— BRIEF —
From the data below, return only the lines from the one with "Fallout 76 Two" through the one with "Label: Valentino", exact and inclusive, with pictures left out.

— EXTRACTED DATA —
....................

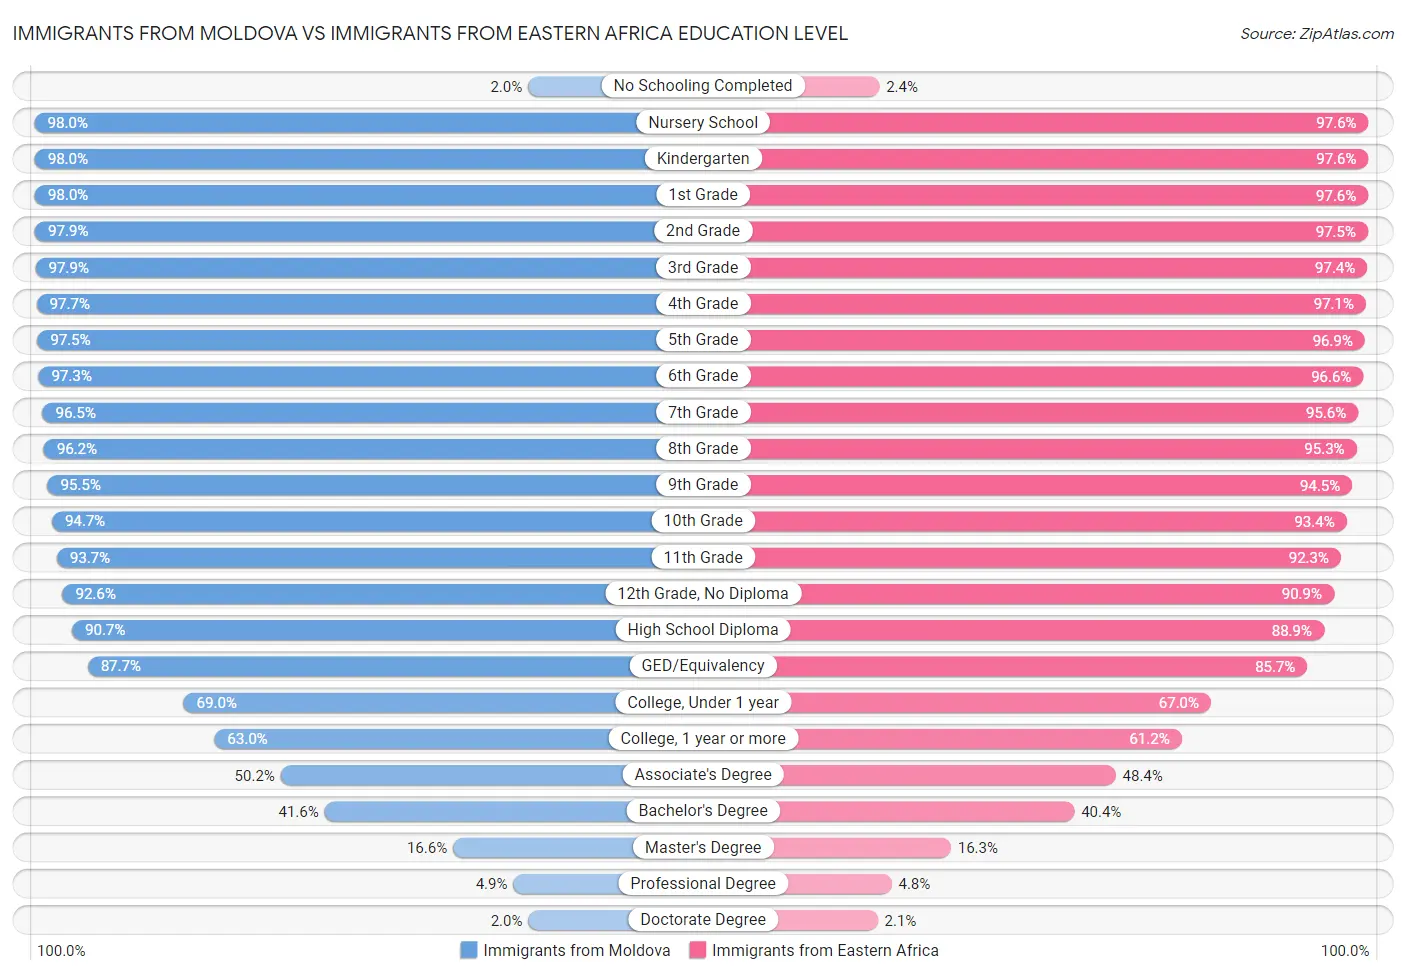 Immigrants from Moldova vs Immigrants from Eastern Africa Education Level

....................

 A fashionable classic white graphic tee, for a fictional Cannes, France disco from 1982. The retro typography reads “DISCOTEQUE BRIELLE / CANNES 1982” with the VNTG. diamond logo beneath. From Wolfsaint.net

....................

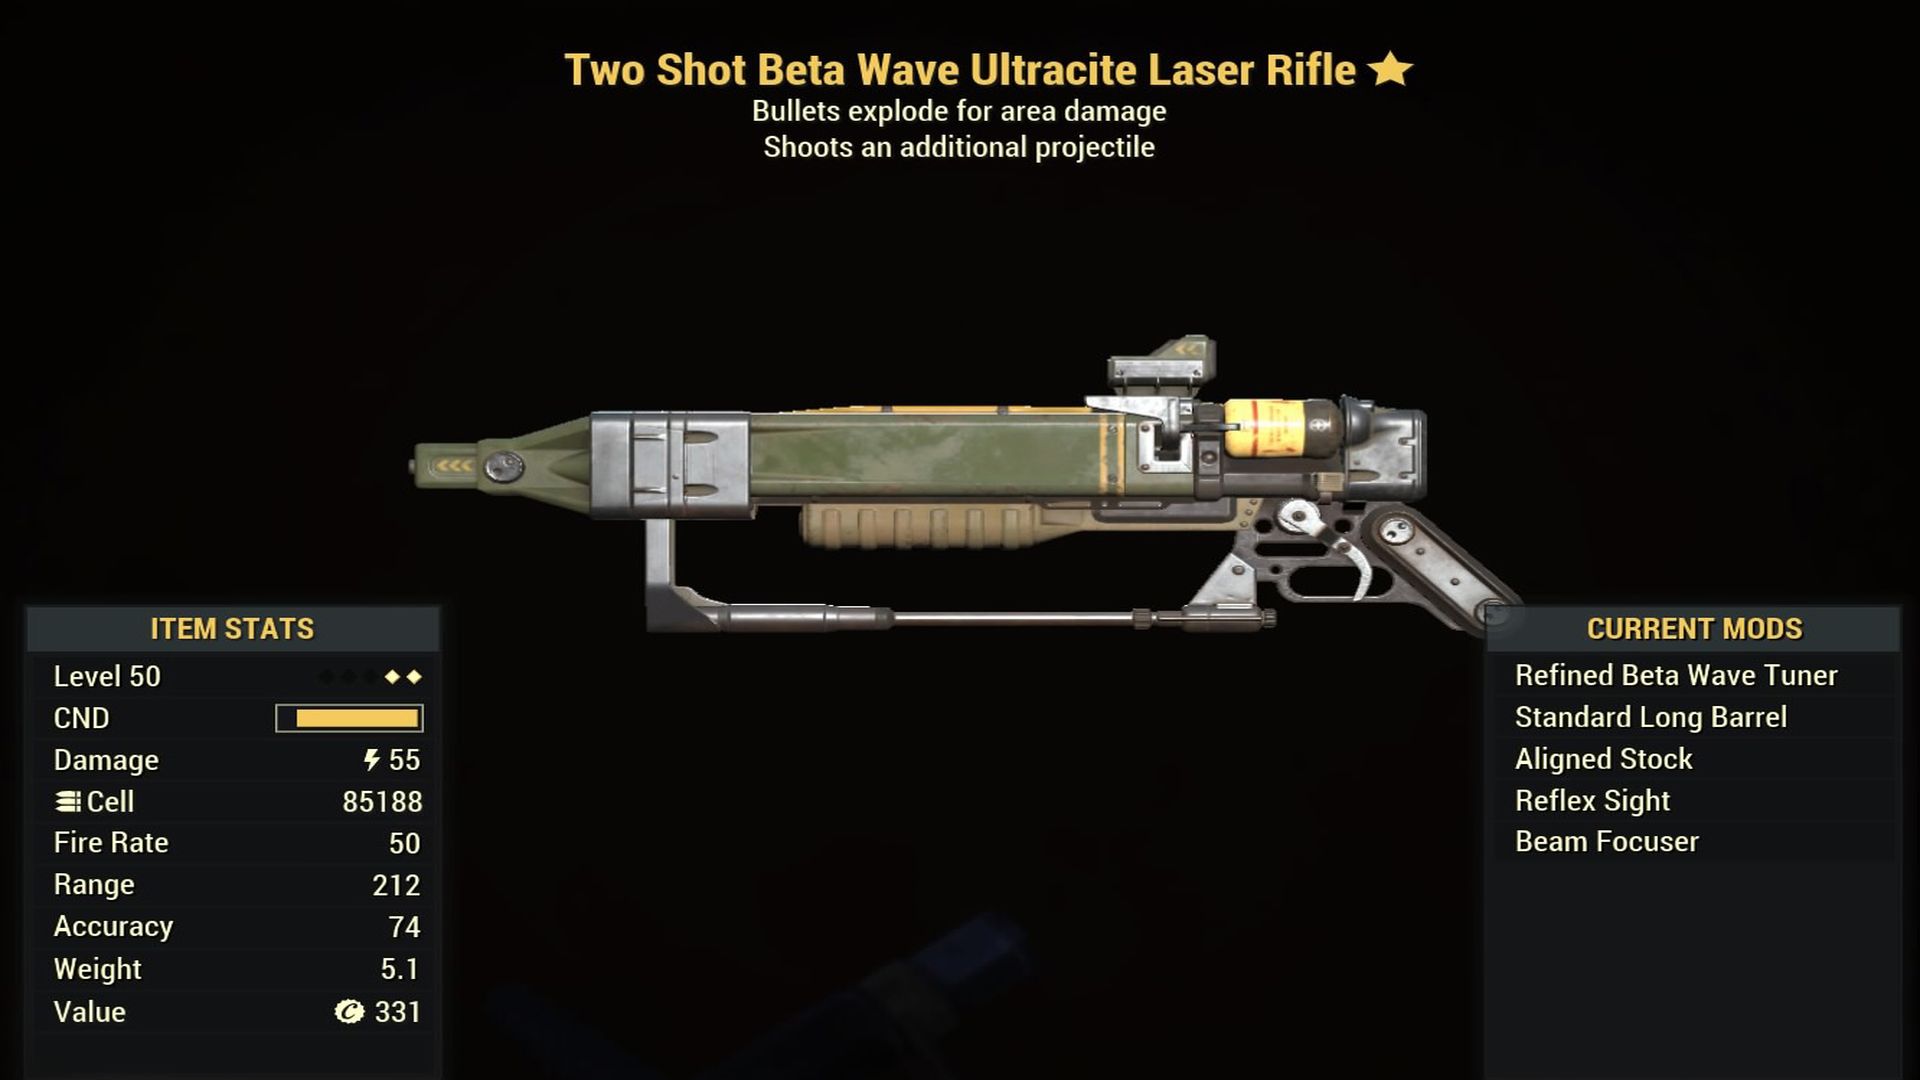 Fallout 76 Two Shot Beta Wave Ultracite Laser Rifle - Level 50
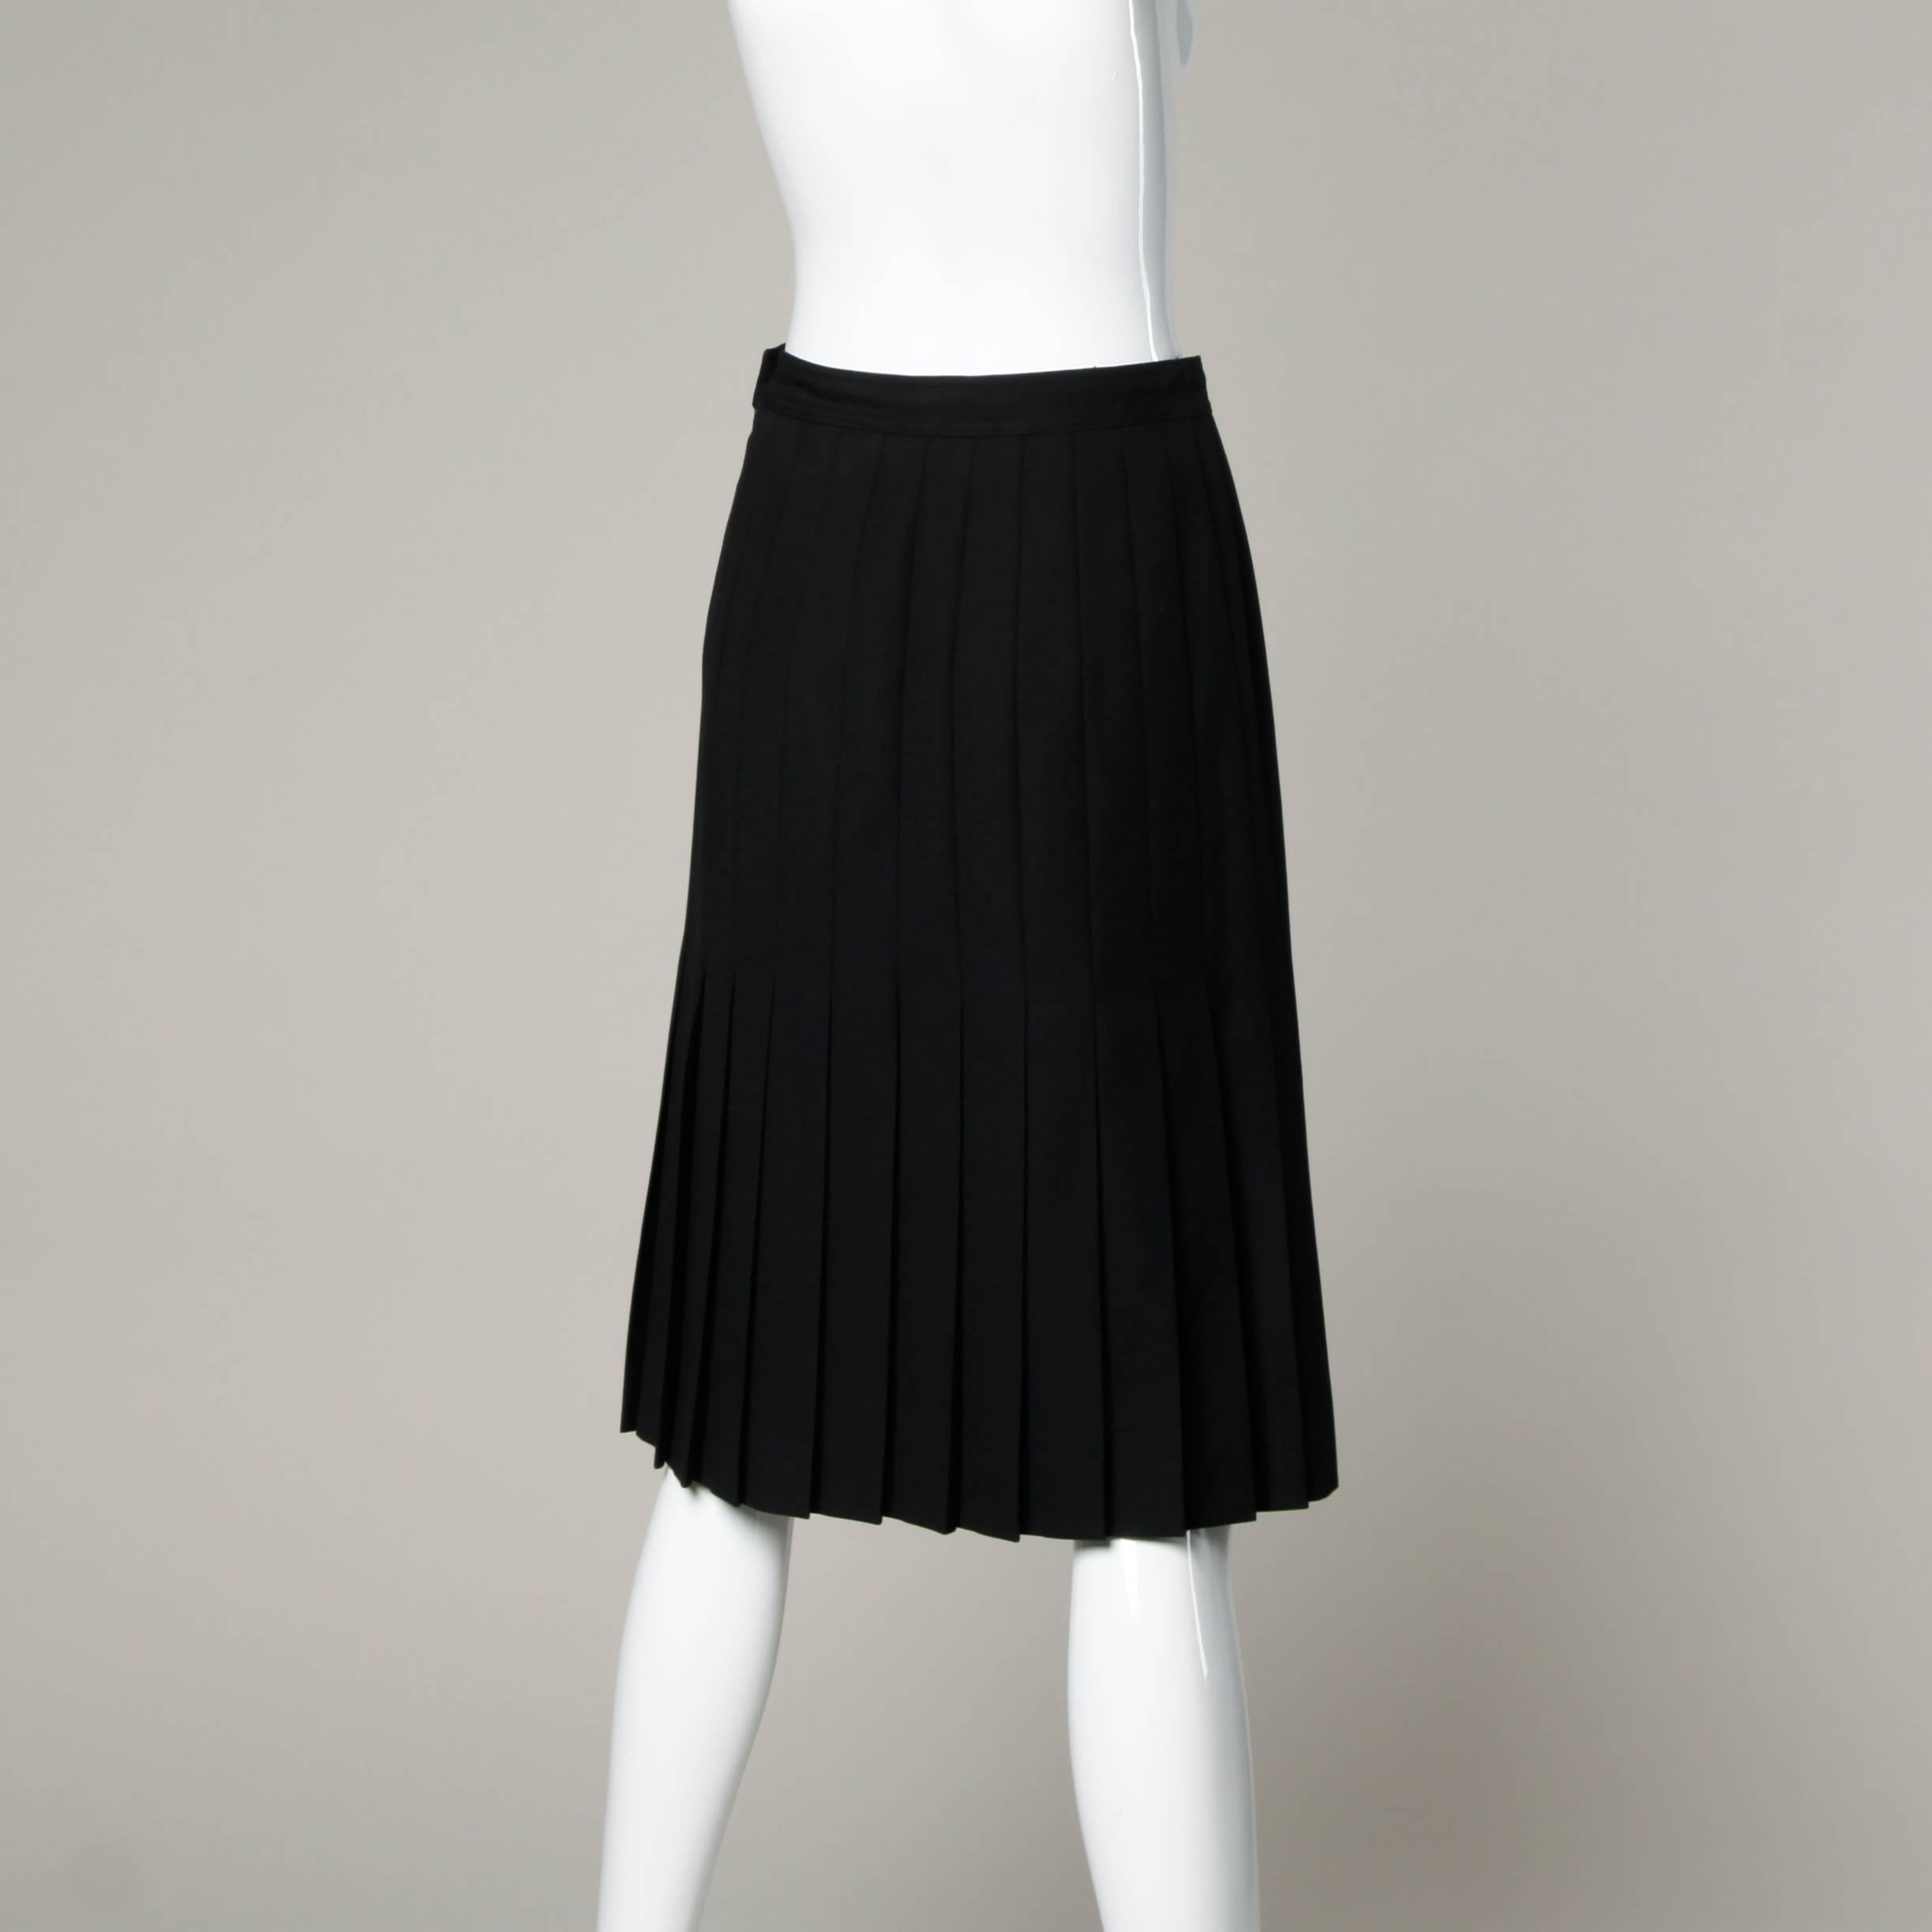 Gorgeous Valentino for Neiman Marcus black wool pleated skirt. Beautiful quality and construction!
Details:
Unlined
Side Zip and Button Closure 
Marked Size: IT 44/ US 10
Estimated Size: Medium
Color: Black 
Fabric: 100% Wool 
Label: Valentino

....................

— REPLY TO THE TASK —
 Fallout 76 Two Shot Beta Wave Ultracite Laser Rifle - Level 50
 Gorgeous Valentino for Neiman Marcus black wool pleated skirt. Beautiful quality and construction!
Details:
Unlined
Side Zip and Button Closure 
Marked Size: IT 44/ US 10
Estimated Size: Medium
Color: Black 
Fabric: 100% Wool 
Label: Valentino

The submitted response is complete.